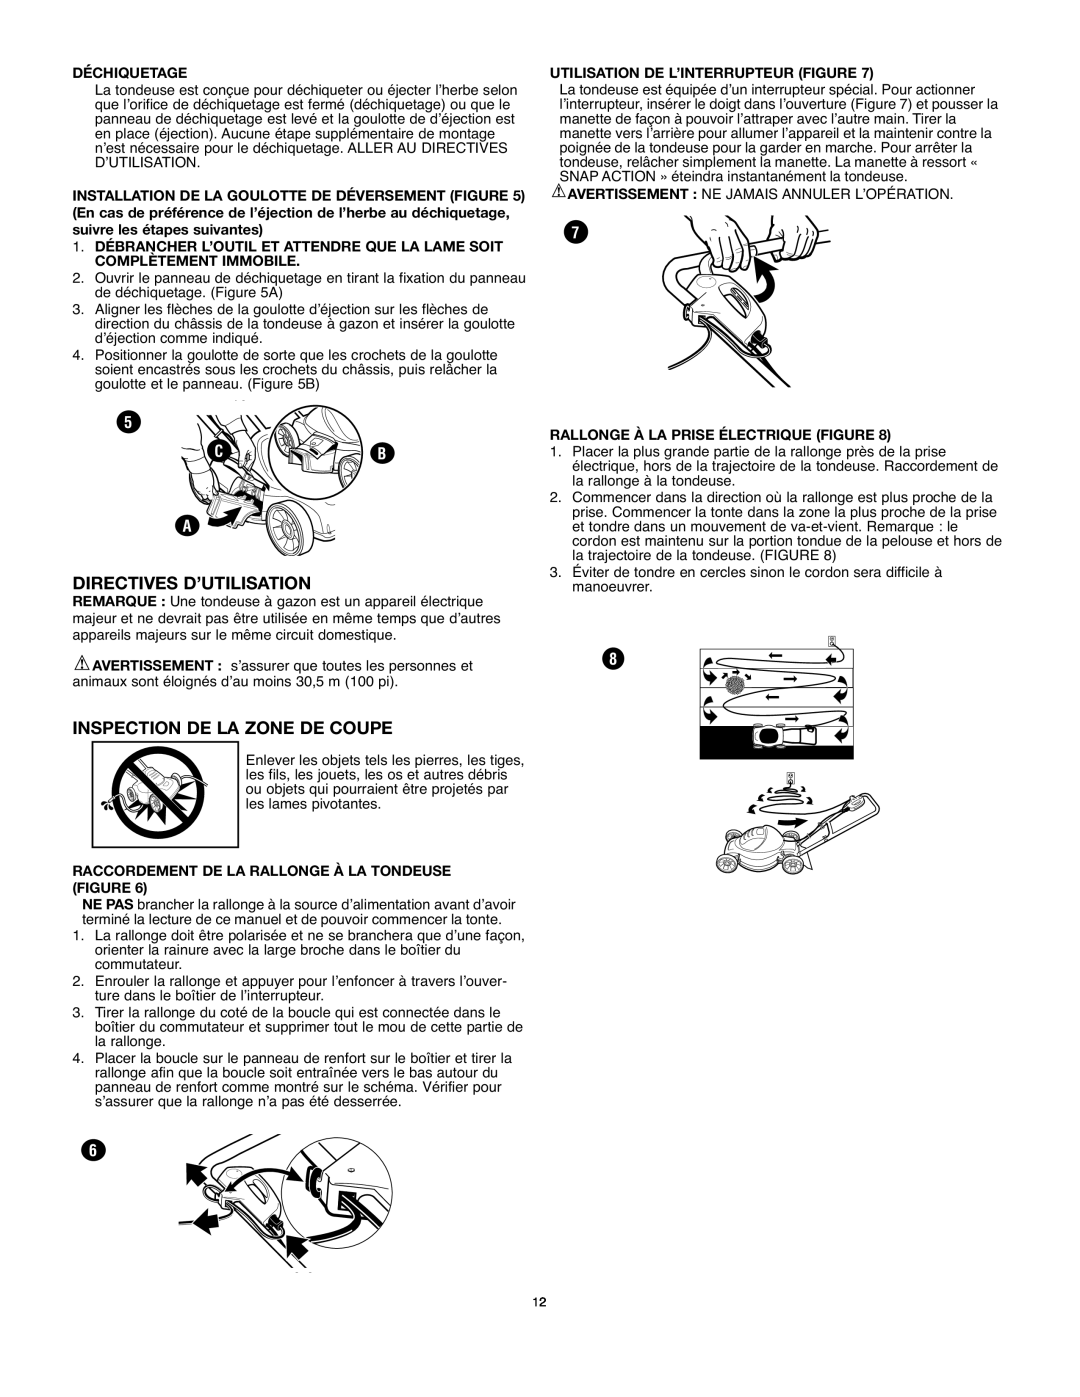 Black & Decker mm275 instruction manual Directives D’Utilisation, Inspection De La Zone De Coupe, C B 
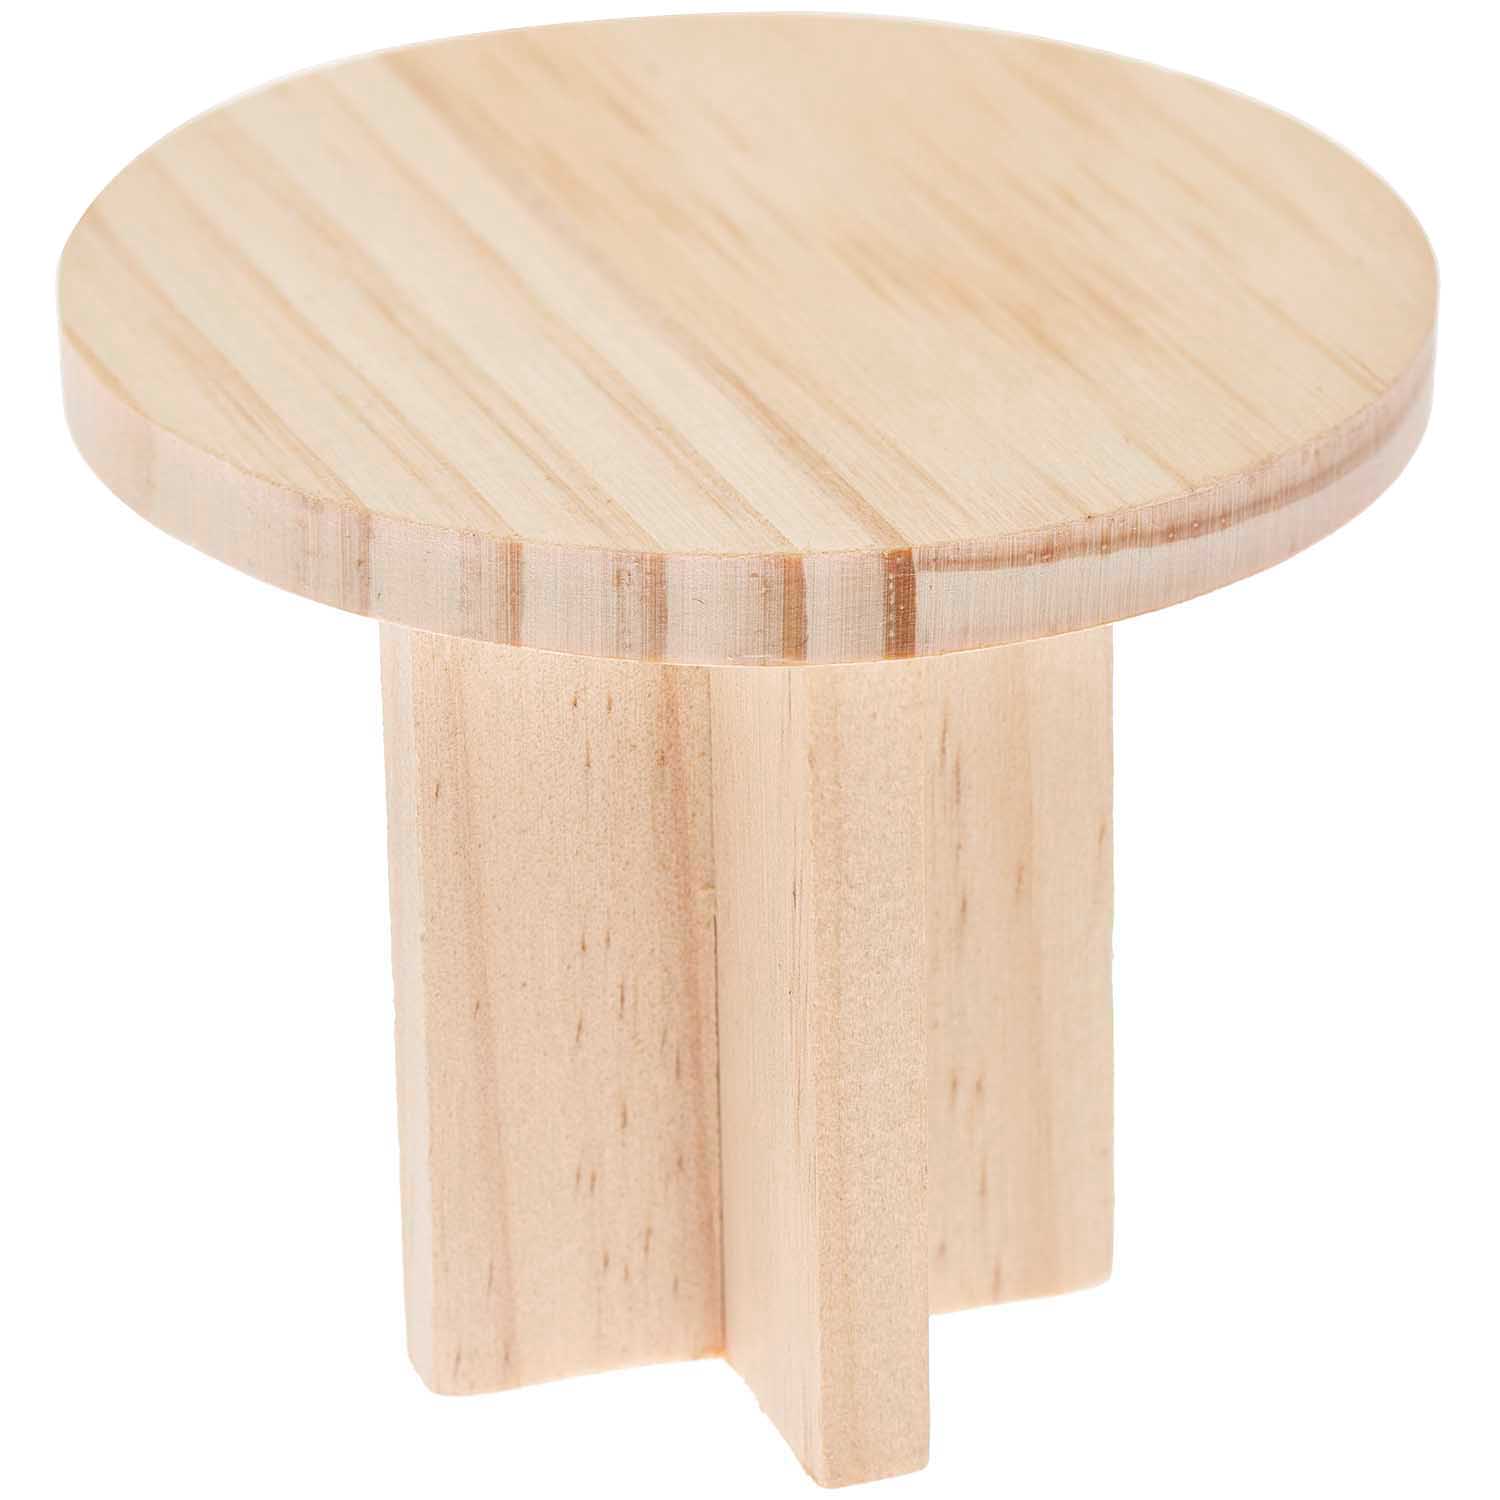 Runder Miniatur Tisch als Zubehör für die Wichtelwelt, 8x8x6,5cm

--

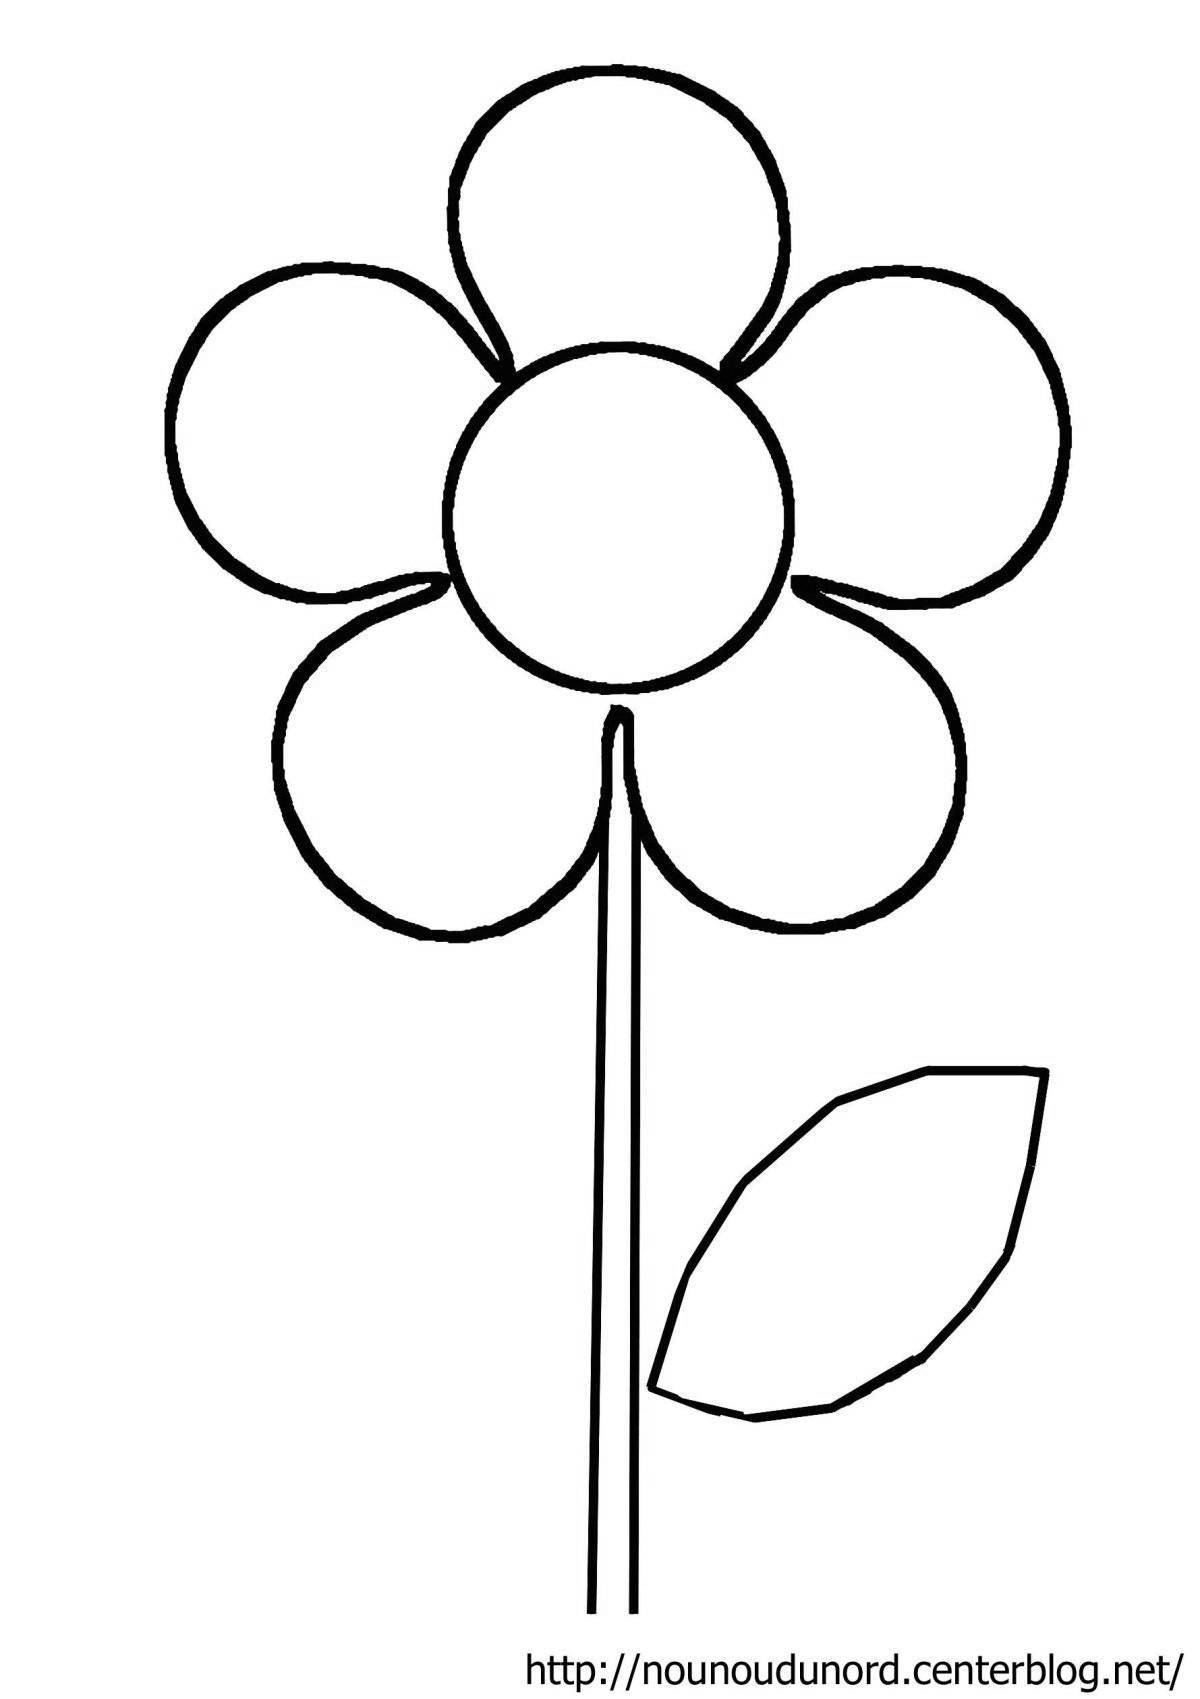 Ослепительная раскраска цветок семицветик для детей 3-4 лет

==

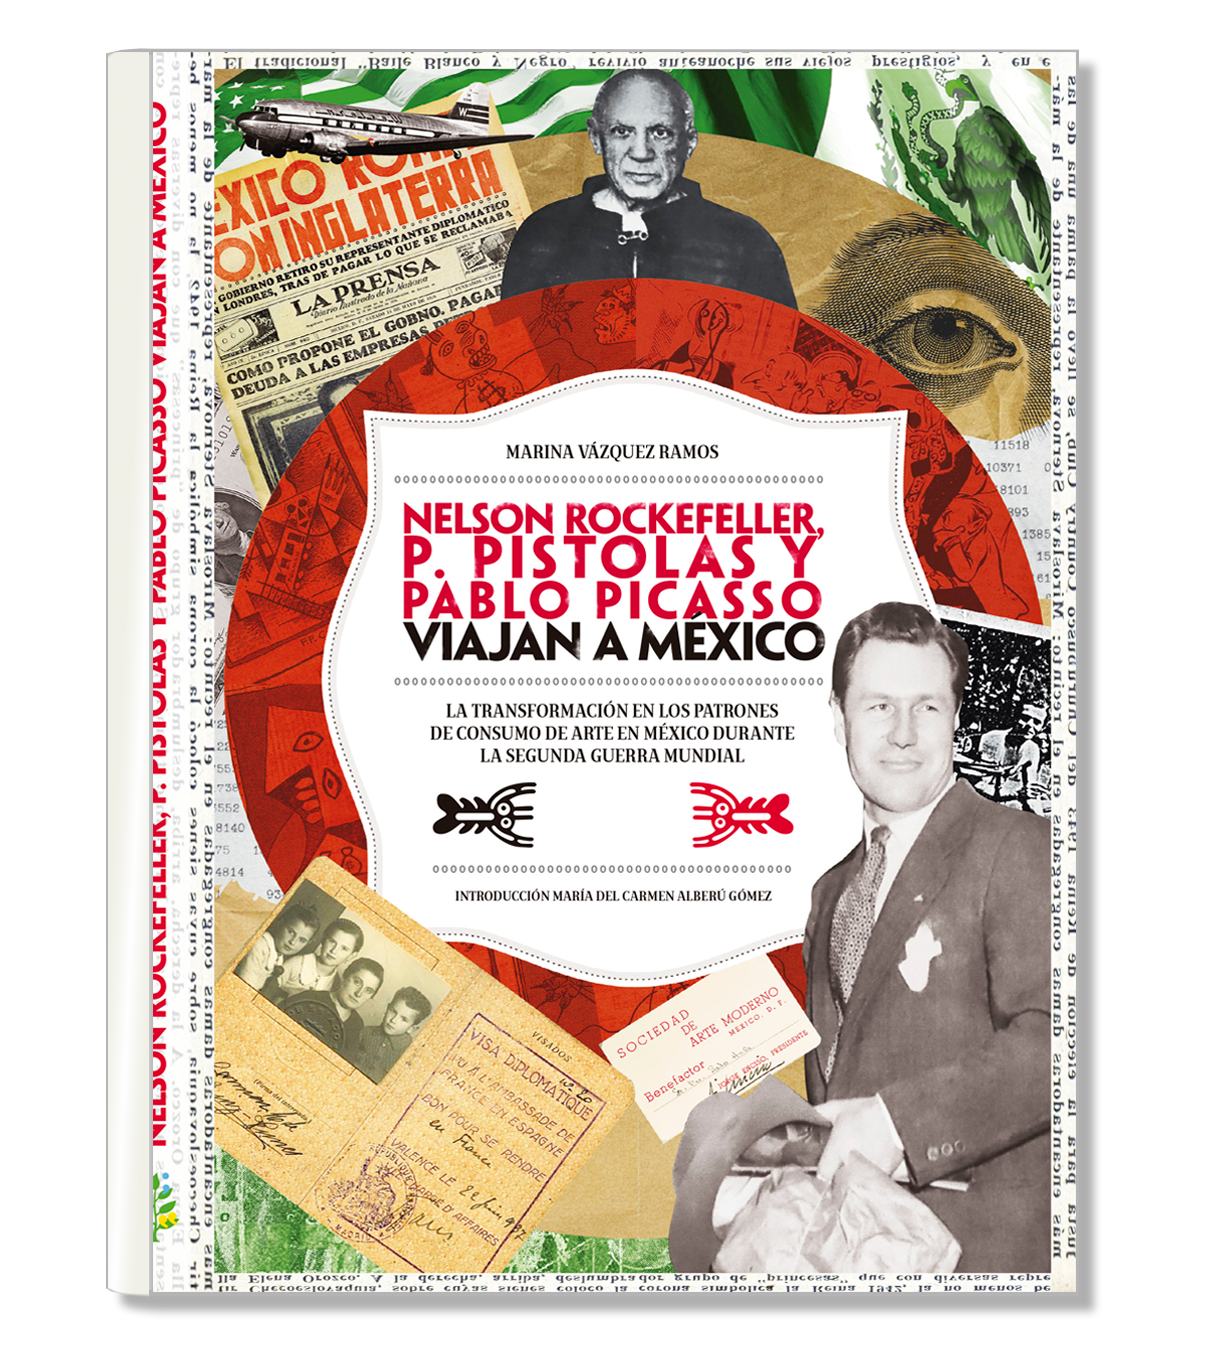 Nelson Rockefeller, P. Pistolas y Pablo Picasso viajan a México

_Required work_
Repeat only the stretch of data above that runs from the line with "Black & Decker" to the line with "Runder Miniatur Tisch". Keep both end lines; exclude pictures.

_Exercise response_
 Black & Decker mm275 instruction manual Directives D’Utilisation, Inspection De La Zone De Coupe, C B 
 Runder Miniatur Tisch als Zubehör für die Wichtelwelt, 8x8x6,5cm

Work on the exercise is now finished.